**Data shown:**
=======
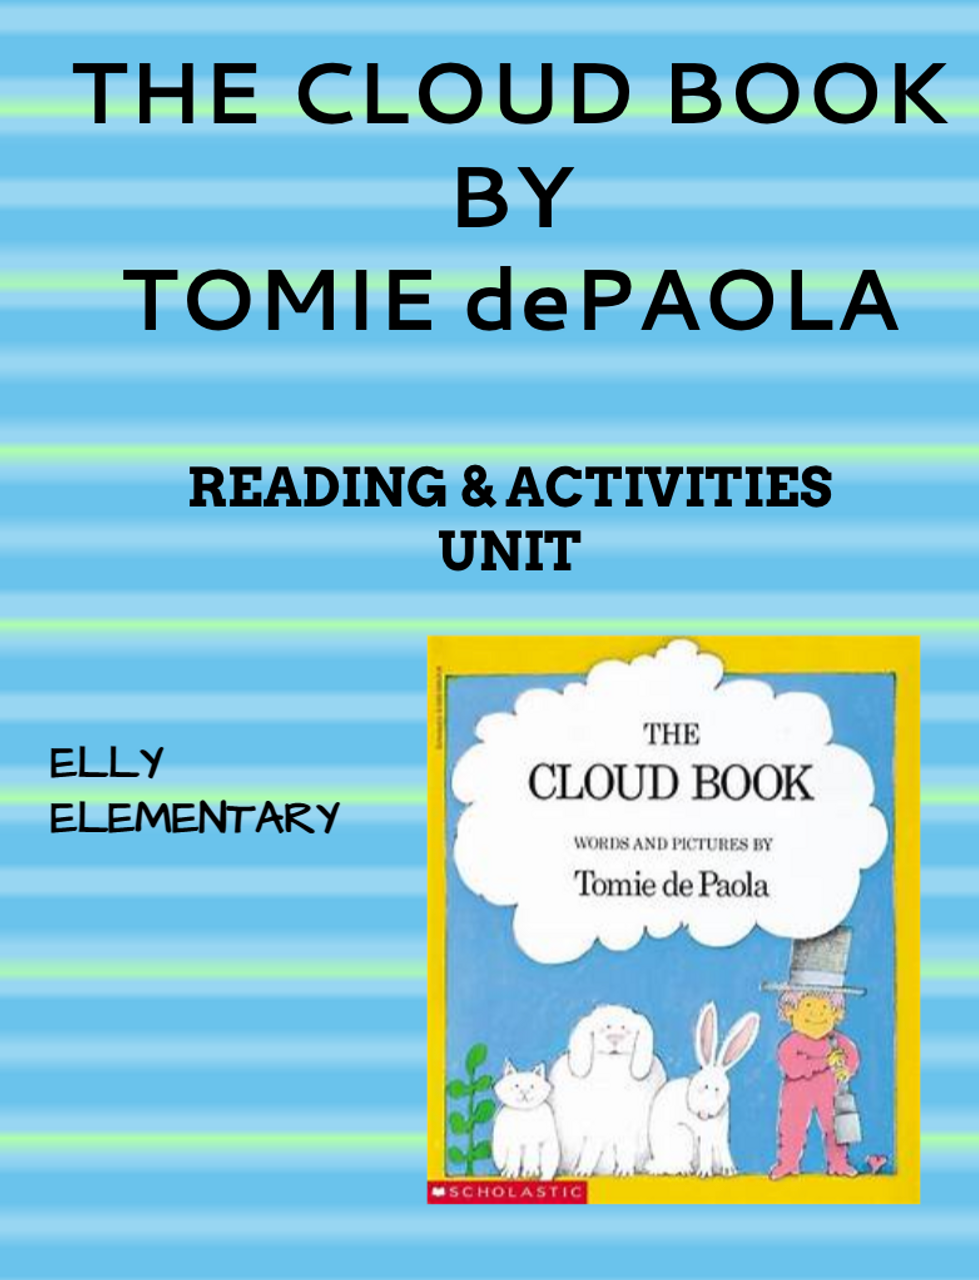 THE CLOUD BOOK BY TOMIE dePAOLA READING & ACTIVITY PACK
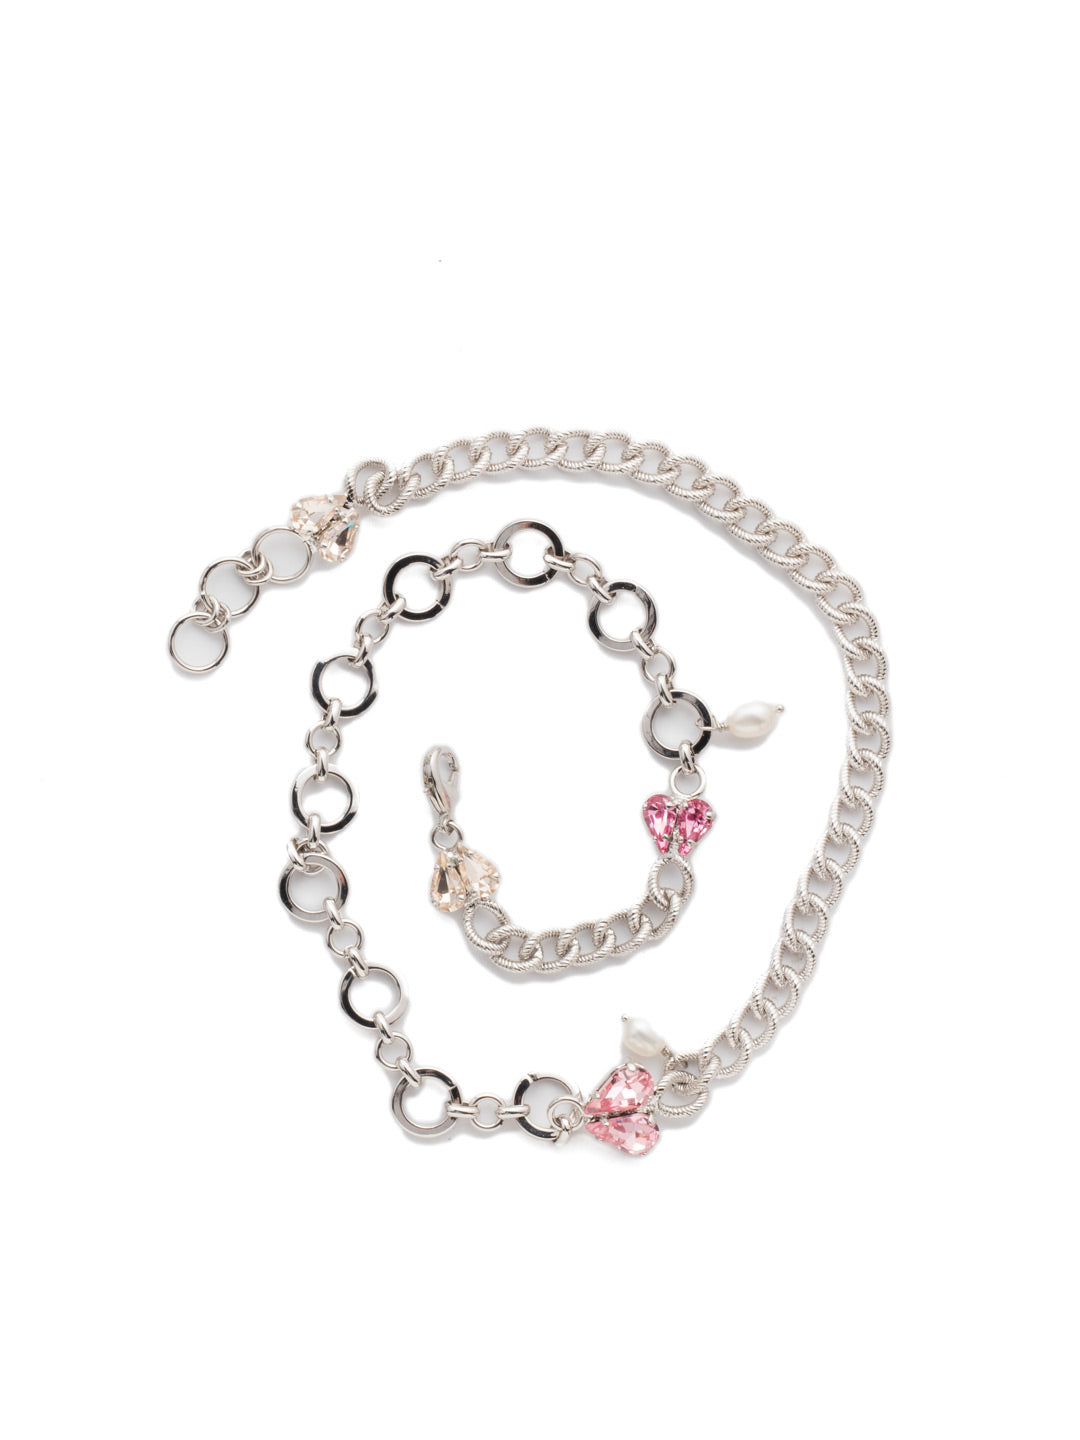 Laguna Wrap Bracelet - BER5RHPOM - <p>Loop on the Laguna Wrap Bracelet for an edgy metallic look softened by drips of freshwater pearl and pear-shaped shimmering crystals forming sweet heart shapes. From Sorrelli's Pink Ombre collection in our Palladium Silver-tone finish.</p>
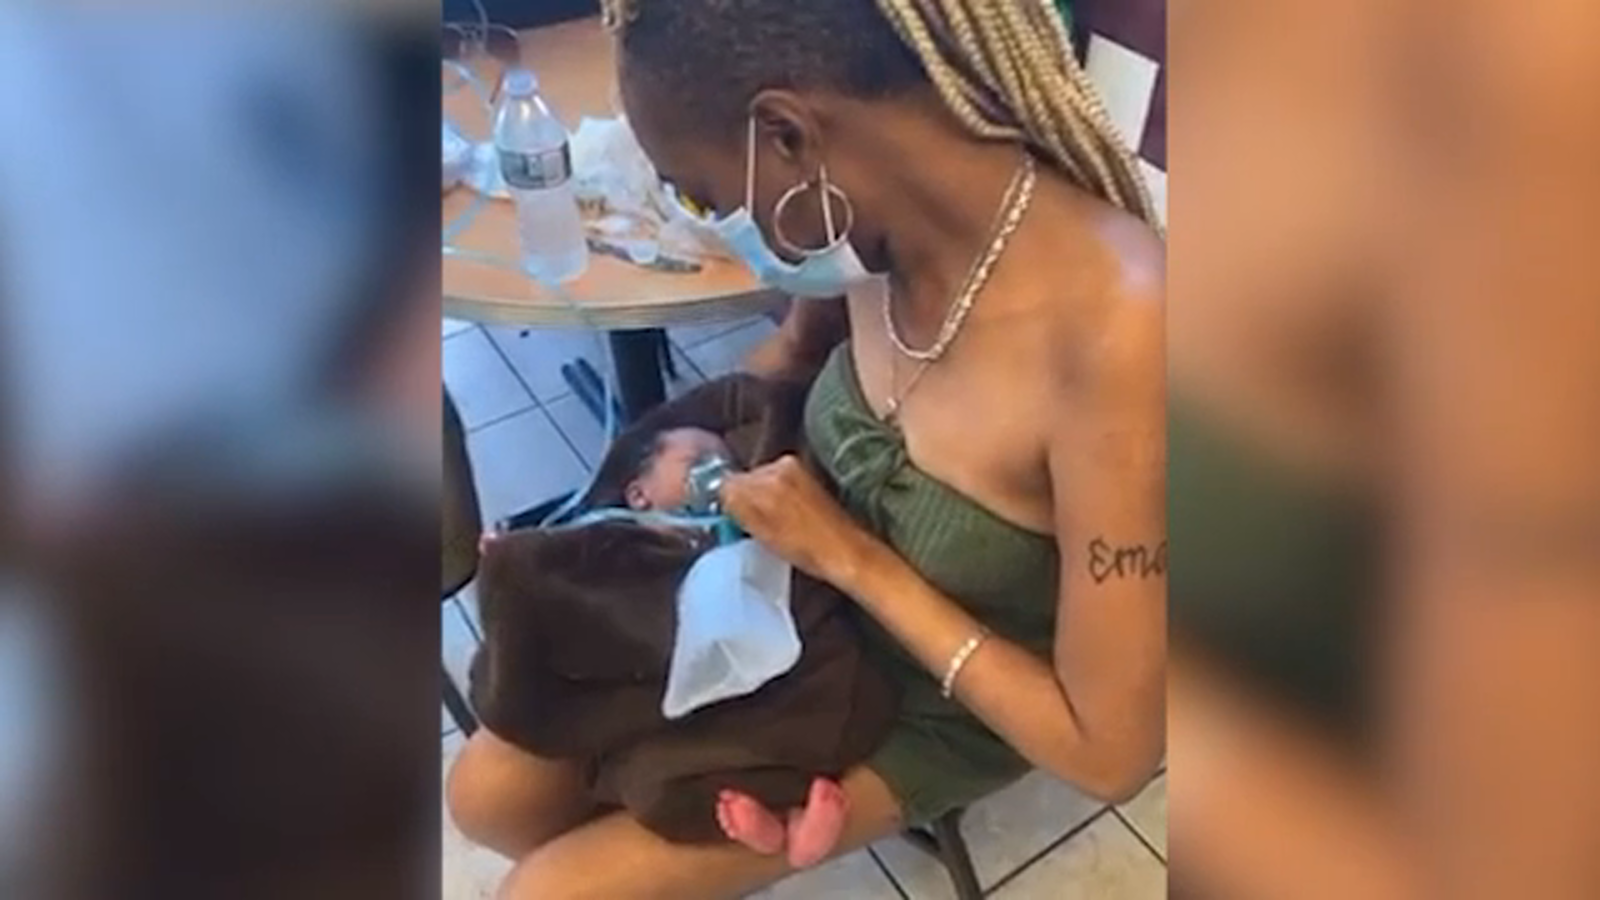 14-year-old gives birth and hands baby to customer at restaurant
=======
**Work instruction:** Would you restate word for word only the lines from the one containing "Laguna Wrap Bracelet - BER5RHPOM" to the final line of the material, both ends included, without any pictures?

**Your solution:**
 Laguna Wrap Bracelet - BER5RHPOM - <p>Loop on the Laguna Wrap Bracelet for an edgy metallic look softened by drips of freshwater pearl and pear-shaped shimmering crystals forming sweet heart shapes. From Sorrelli's Pink Ombre collection in our Palladium Silver-tone finish.</p>
 14-year-old gives birth and hands baby to customer at restaurant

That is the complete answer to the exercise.